Detecting Internal Fraud
Many business owners feel that fraud and embezzlement are problems that happen to those big businesses. Not so, is the conclusion of the 2002 Report to the Nation on Occupational Fraud and Abuse issued by the Association of Certified Fraud Examiners.
Their study shows that small businesses are the most vulnerable to fraud and abuse with asset misappropriation accounting for 80% of the losses. The favorite asset? Cash. It makes up 47% of assets misappropriated with inventory and supplies making up another 38%.
Much of this activity is due to occupational or internal fraud. Quite often internal fraud is easier to prevent than to detect. Most schemes can be prevented with basic accounting controls, audits, and proper oversight. Of course physical protection and custody of assets such as cash, inventory, and supplies are important, but often the fraud is perpetrated by those charged with that oversight a manager, the in-house accountant or bookkeeper, or any trusted employee. Especially when there is only one trusted person responsible for all aspects of physical custody, bookkeeping, payroll, deposits, and check writing, the company is at increased risk for fraudulent activity
According to the National Federation of Independent Business there are several warning signs or tips that warrant a closer look.
A trusted employee refuses to follow recently established accounting guidelines. Most guidelines are designed to protect against misstatement and a change to those new guidelines may foil or reveal past schemes.
A trusted employee continually works after hours, comes in frequently on weekends, or insists on taking work home. Fraud is easier to commit when work is unobserved and unsupervised.
A trusted employee never takes a vacation; never releases control of records. They might be a dedicated hard-working employee or they might not want anyone to observe their work while they are away.

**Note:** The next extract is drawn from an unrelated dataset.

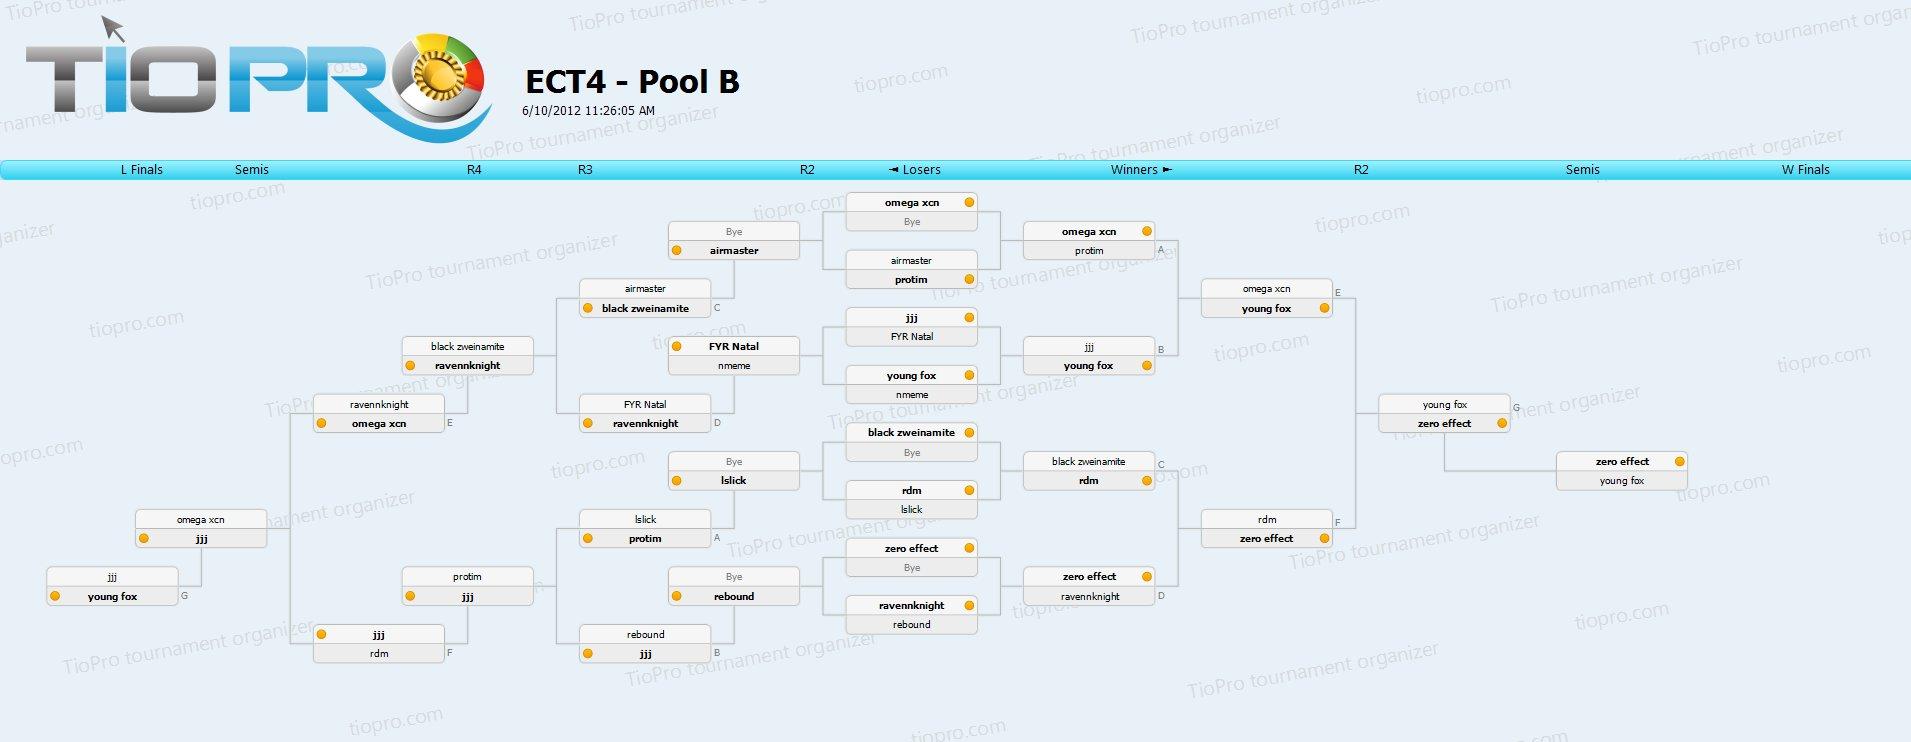 East Coast Throwdown 4 - Pool B

A trusted employee insists that they handle activities for which other departments are normally responsible such as picking up the mail, sole go-between with financial contacts, and working with the police when money or other assets are found missing.
A trusted employee continually misfiles important items such as payroll receipts, deposit records, correspondence, and estimates. Missing documents are signs of unacceptable sloppiness or a convenient inability to document transactions.
Deposits frequently seem too small as compared to expectations, budgets, or other records. The owner or manager should be able to reconcile differences between expectations and actual results.
There is no goof proof method of turning up internal fraud but being on the lookout for these warning signs can help avert financial loss.